Thrills and Chills From Major Contemporary Composers at the Miller Theatre

by delarue

If you could see the world premiere of a major new John Zorn suite for free, would you make the shlep up to 116th St.? A whole lot of people did that last week to watch pianist Steven Gosling navigate the thorny harmonies, Messiaenic poignancy and vast dynamic expanse of the composer’s 18 Studies from the Later Sketchbooks of JMW Turner.

For obvious reasons, Turner’s sketches aren’t exhibited frequently since they rarely if ever hint at the epic proportions of his oil paintings. Zorn’s suite matched the raw, translucent essence of those works while occasionally reaching for epic grandeur as well. There were innumerable moments where it gave Gosling a real workout, yet its central themes were strikingly straightforward:.

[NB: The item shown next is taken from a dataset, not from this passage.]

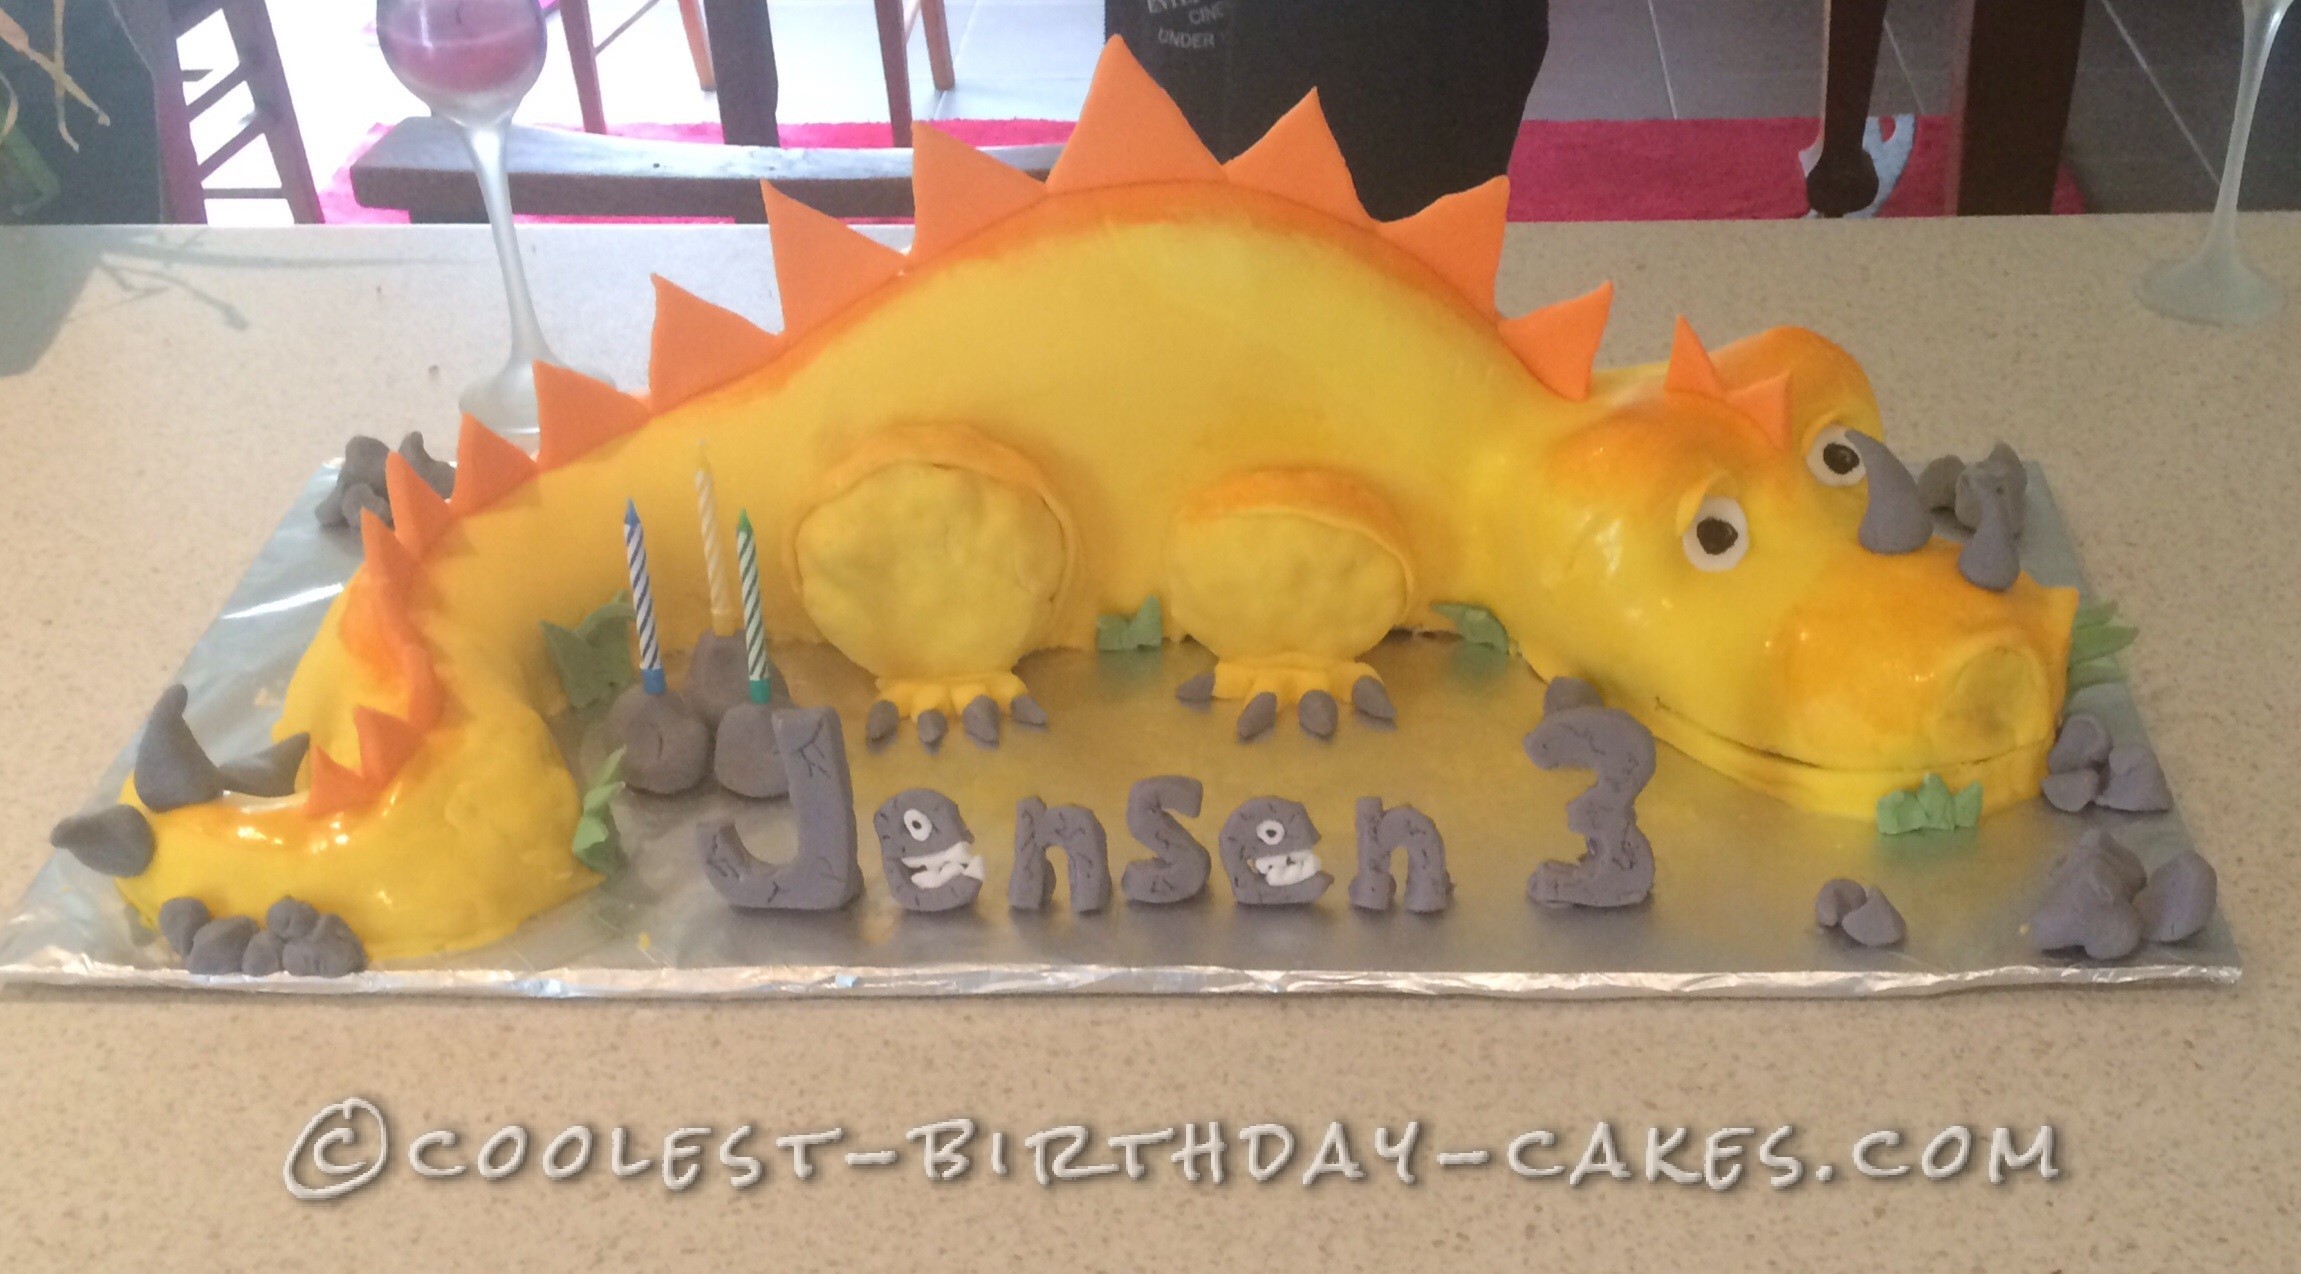 Coolest Dino 3rd Birthday Cake

An enigmatically clustering lefthand motif and variations, plaintive belltones that strongly evoked Messiaen and Mompou, and grittily intricate caterpillar-tractor interweave contrasted with moments of pure freakout. It wasn’t clear whether that was simply Gosling blooping and blipping on his own, or whether Zorn had actually bothered to write all that down.

Considering how rigorous and sometimes abrasive Zorn’s work is, he doesn’t get enough credit for his sense of humor, and this piece had some devastatingly funny moments. The first was a simple, repetitive chord with a descending and then rising bass, a cliche that’s been used ad nauseum over the years by singer-songwriters and emos. Zorn employed it as a stepping-off point for some increasingly sardonic riffage. The second was a surreal, hammering, chattering series of close harmonies, a crowd of twistoids who wouldn’t shut up and grew increasingly sinister.

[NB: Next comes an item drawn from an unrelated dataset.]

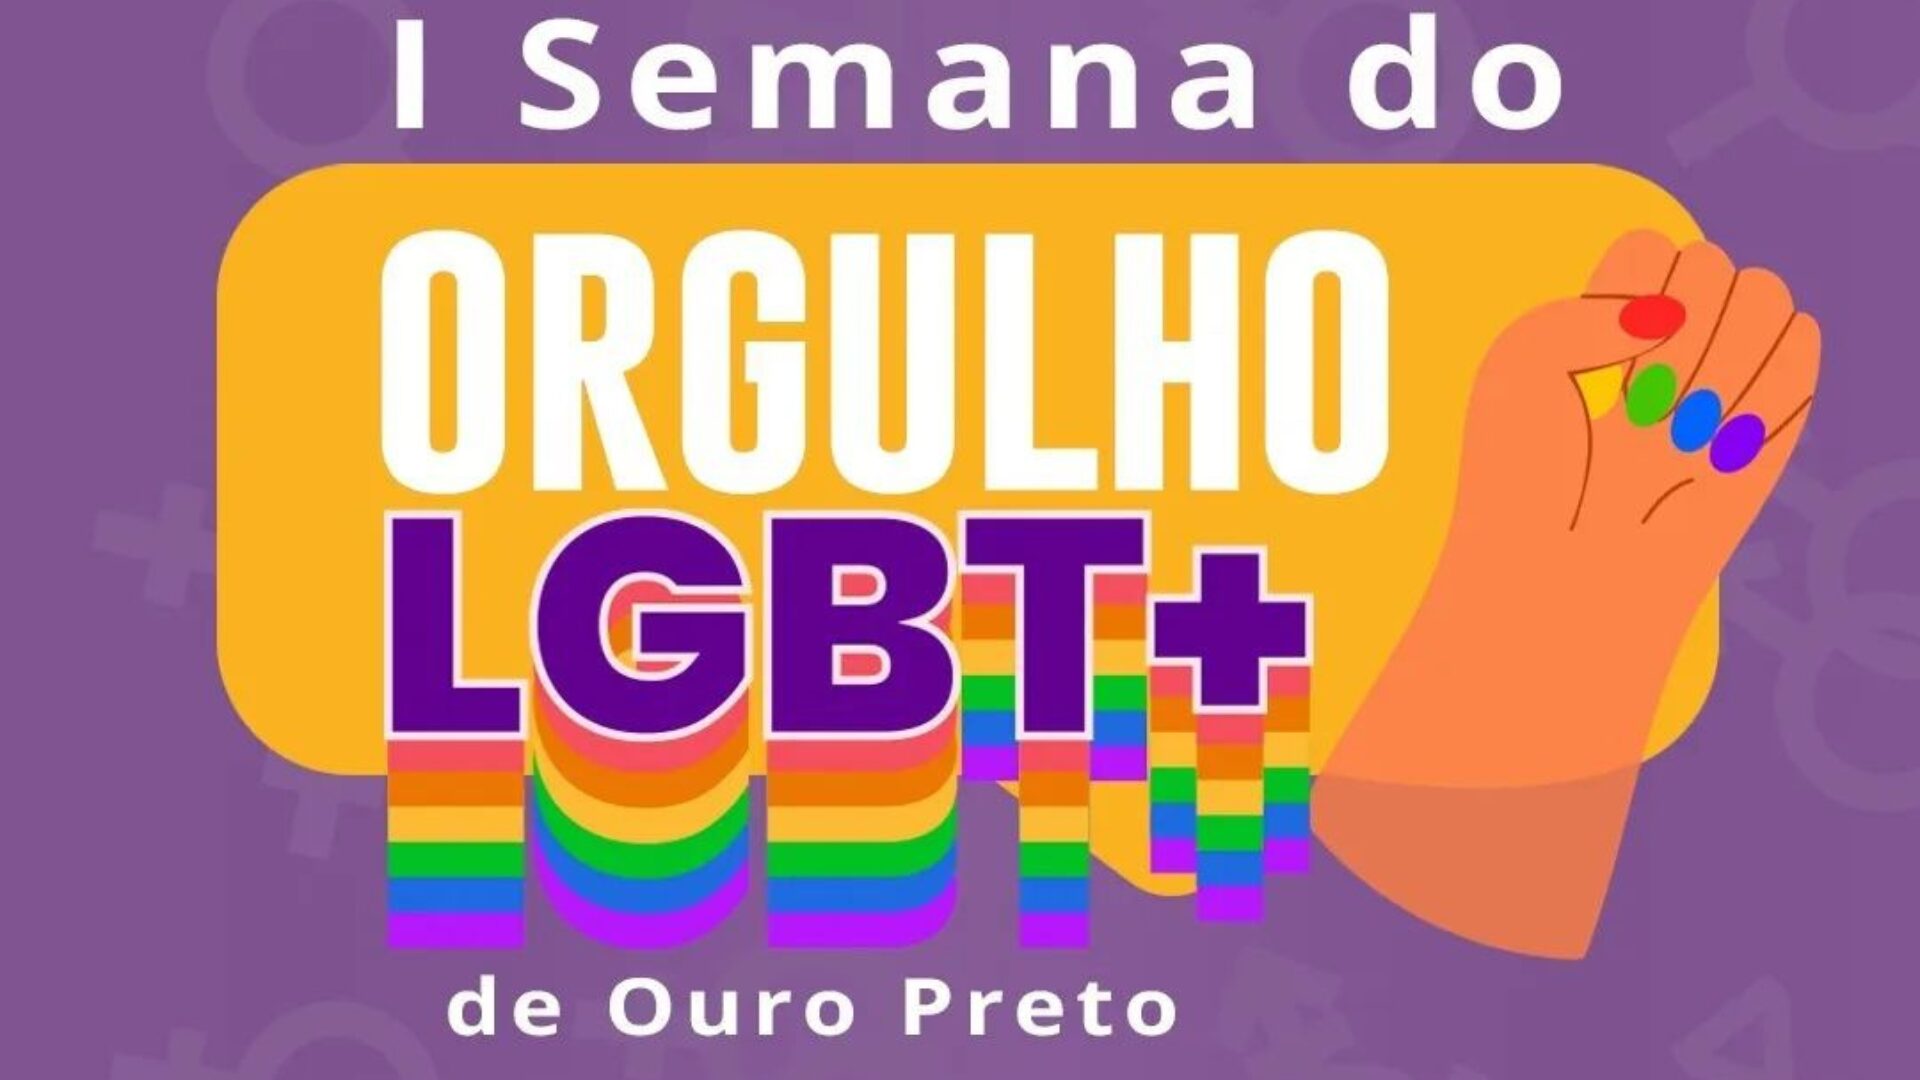 1ª Semana do Orgulho LGBT+

Those moments weren’t even the most difficult ones. Gosling faced the greatest challenges of the evening with Zorn’s long sequence of righthand suspended chords where the inner notes shifted around like a three-card monte dealer on meth, and managed to pull them off with stunningly clear articulation. The incessant stylistic shifts, between quasi Second Viennese School acidity, moodily opaque minimalism and crazed, hyperactive kitten-on-the-keys moments weren’t easy to shift between either, but Gosling made it all seem contiguous, no easy feat.

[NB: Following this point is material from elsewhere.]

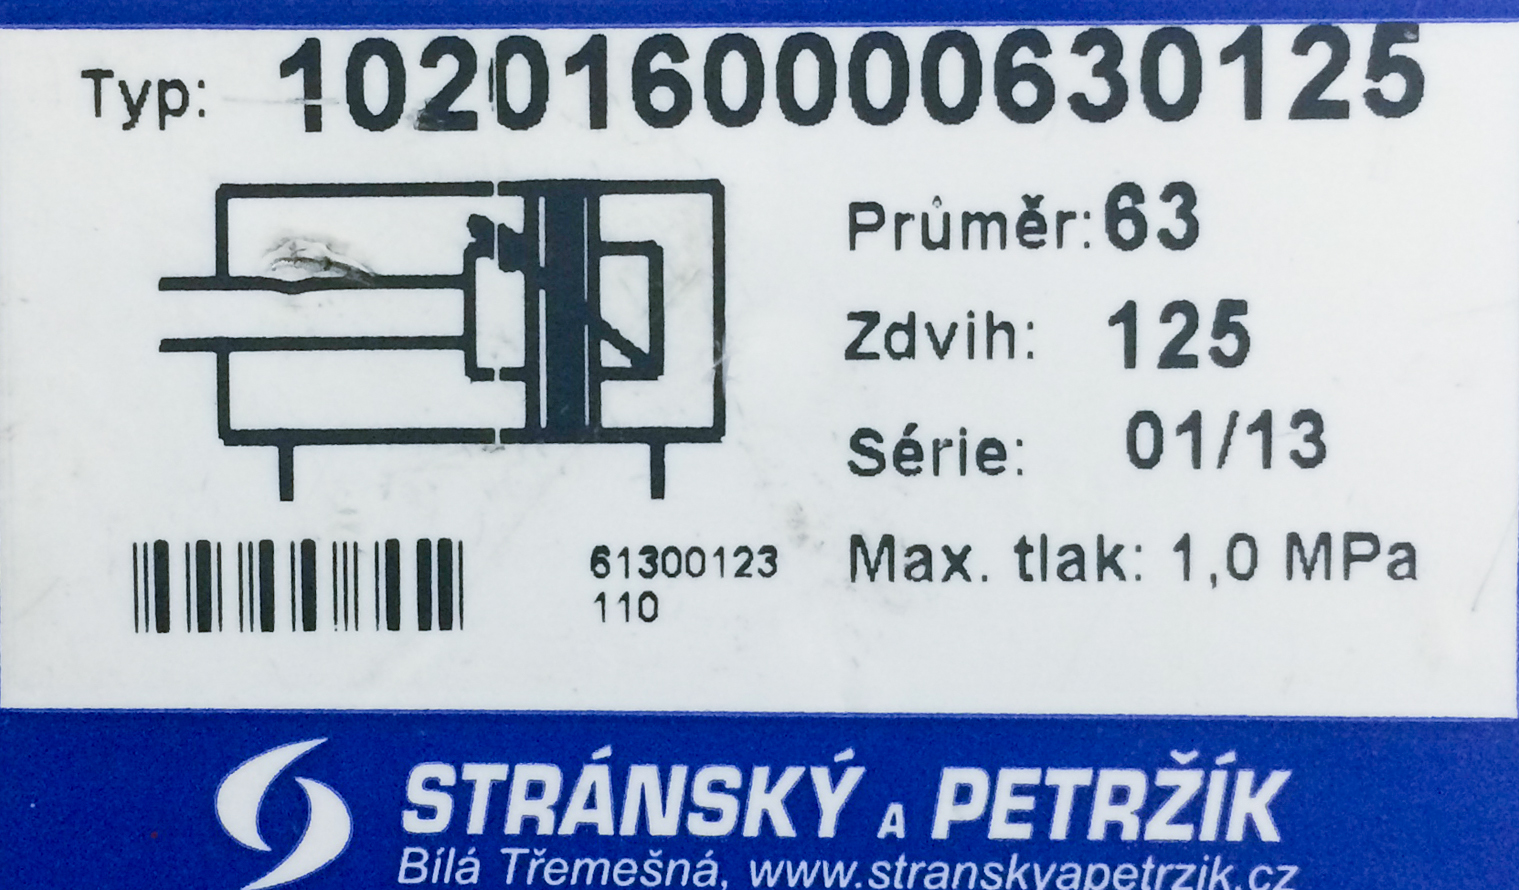 Пневмоцилиндр Type 102016000063012 5 (Чехия)

The Miller Theatre has long been one of Manhattan’s focal points for some of the most interesting and invigorating developments in new music. Director Melissa Smey, who described herself this particular night as the “president of the John Zorn fan club,” was hip to both Missy Mazzoli and Anna Thorvaldsdottir before they were all the rage, but she also brings in plenty of longstanding pillars of the avant garde for her ongoing “composer portrait” series. The next one, on Sept 25 at 8 PM features Anthony Braxton music played by the Jack Quartet and indie classical chamber group Either/Or. You can get in for $20, at least as of today.